Purpose: Metal artifacts often obscure image quality in cone-beam CT (CBCT) and confound the assessment of device placement. We present a metal artifact reduction (MAR) method that uses prior information of surgical instruments ("known components," KC), eliminating the segmentation step that often limits conventional MAR. The KC-MAR method was assessed for the first time in clinical studies of patients undergoing spine surgery.

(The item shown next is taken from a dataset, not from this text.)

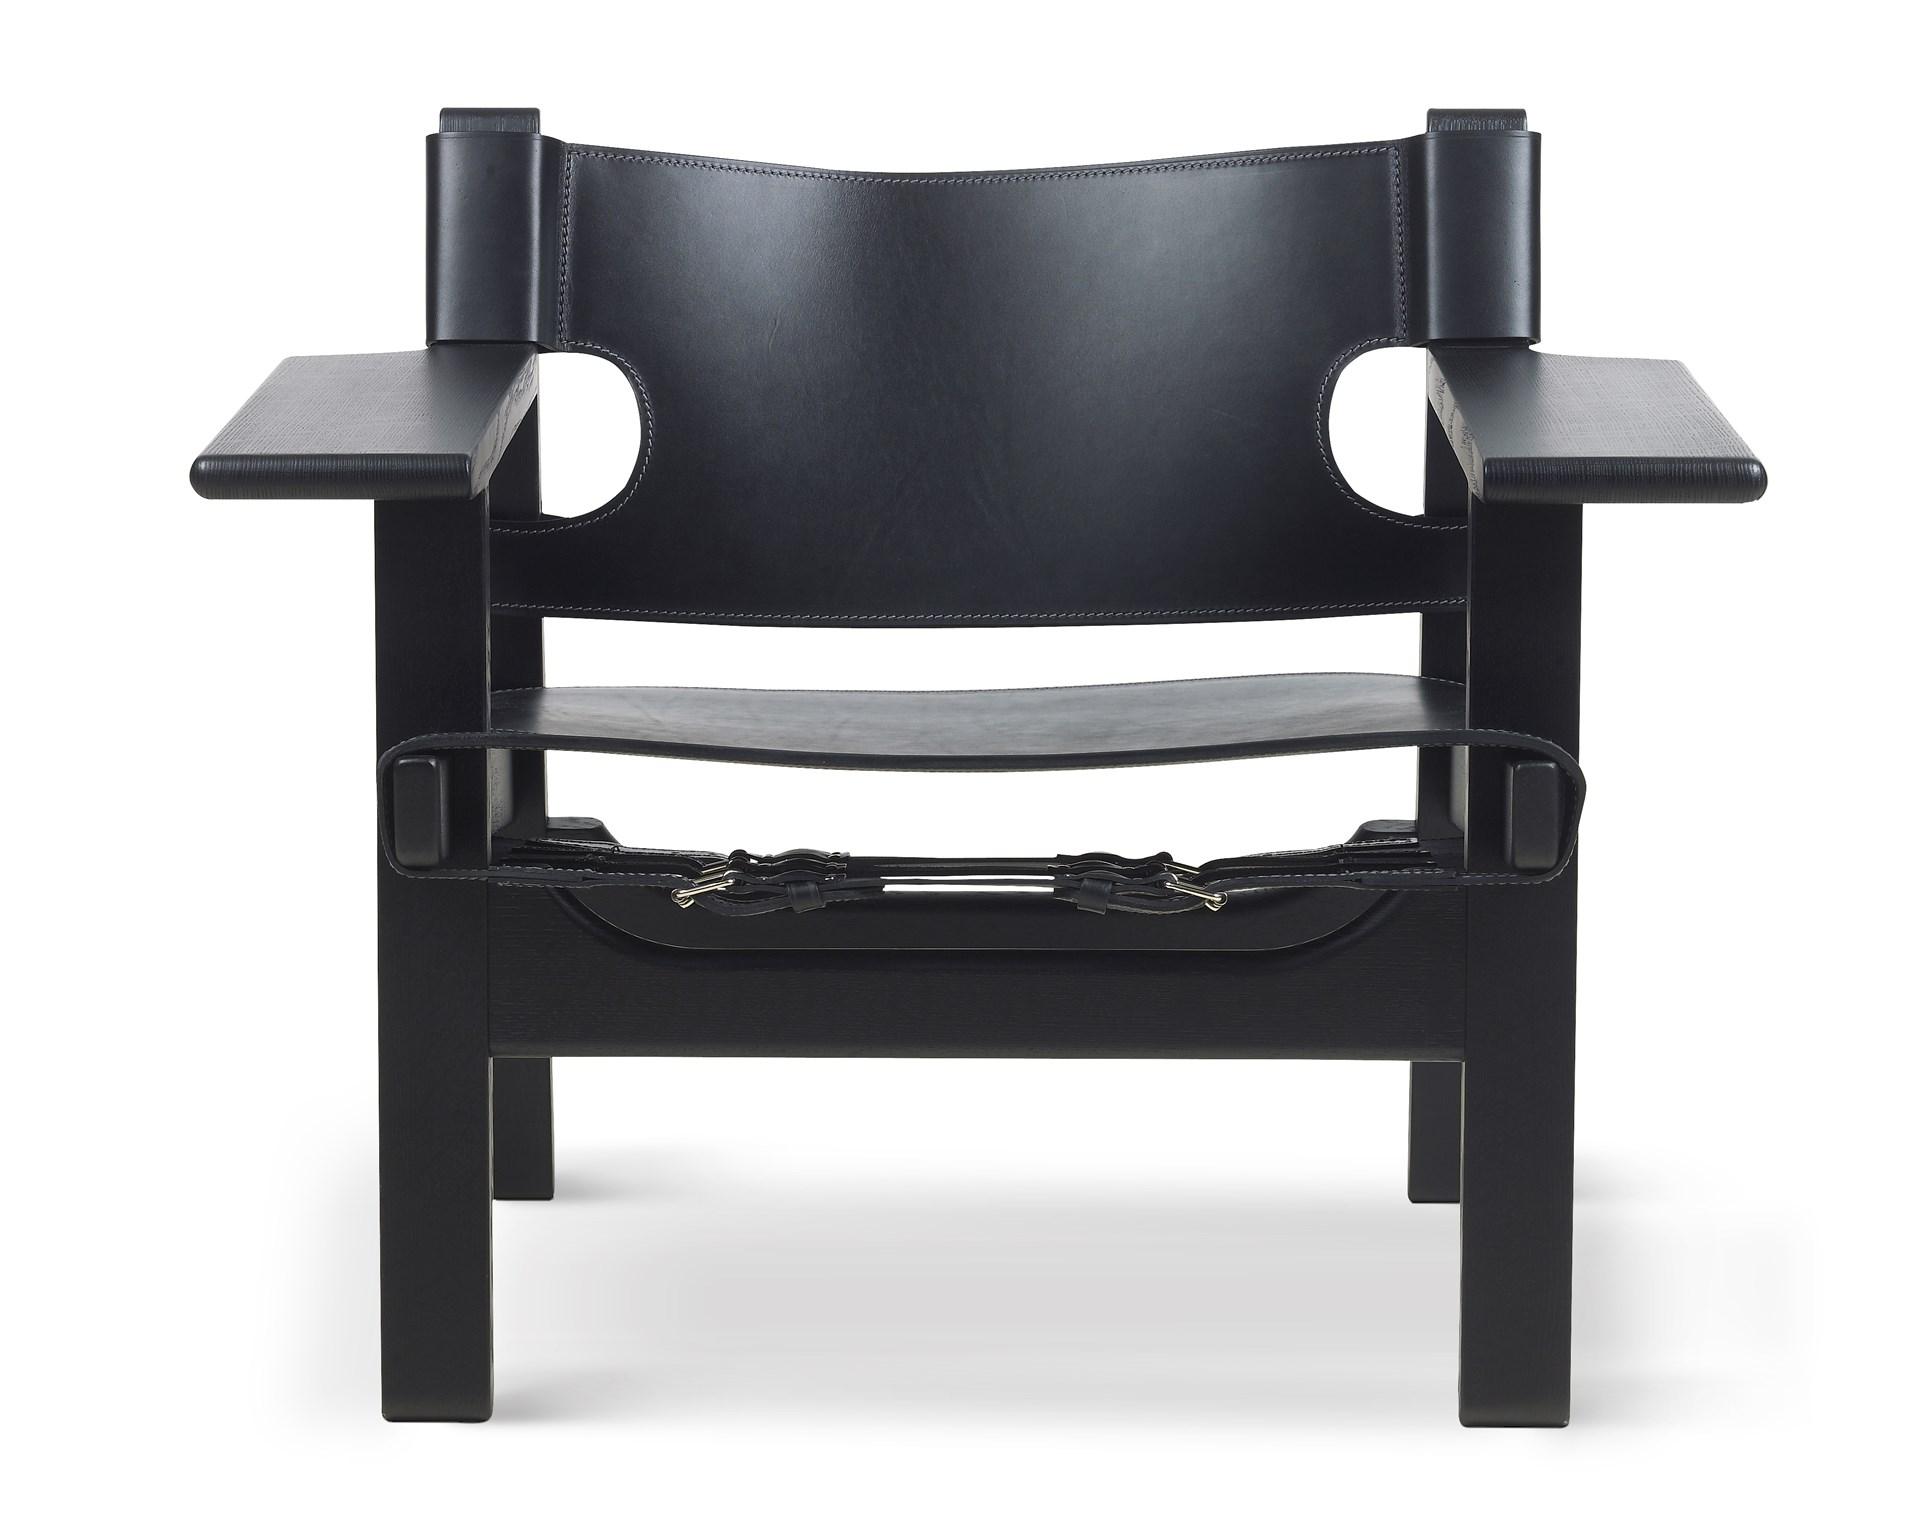 Fauteuil Leer Design.Spanish Chair Fauteuil Design Borge Mogensen Fredericia

Methods: The IRB-approved clinical pilot study involved 13 patients imaged after placement of spinal instrumentation, presenting a total of 76 screws varying in diameter, length, material, and manufacturer. Screws were automatically detected in CBCT projection data using a machine learning-based initialization followed by 3D-2D registration of the component model. This two-stage detection scheme avoids conventional segmentation and is hypothesized to provide fully automated localization of the devices with sub-pixel accuracy. Projection data were then corrected by simple inpainting (with more sophisticated polyenergetic methods in future work) and reconstructed by filtered back-projection (FBP). Images were evaluated in terms of artifact magnitude (reduction of blooming artifacts) and suitability to the clinical task of evaluating breach of the pedicle corridor.
Results: The 3D-2D registration demonstrated 3D screw localization error of ~0.5 mm and <1Â°. KC-MAR yielded 25-98% reduction in blooming artifact about the screw, enabling clear visualization of surrounding anatomical structures, such as the pedicle and adjacent nerves and vessels. Runtime of the initial implementation was <2 min for combined 3D-2D registration and FBP reconstruction.
Conclusion: KC-MAR provided strong reduction of metal artifacts and overcame segmentation errors that present a pitfall to conventional MAR. The method was demonstrated for the first time in a clinical study for a broad, realistic range of spine screw instrumentation. The method is compatible with standard FBP and may be consistent with routine clinical workflow.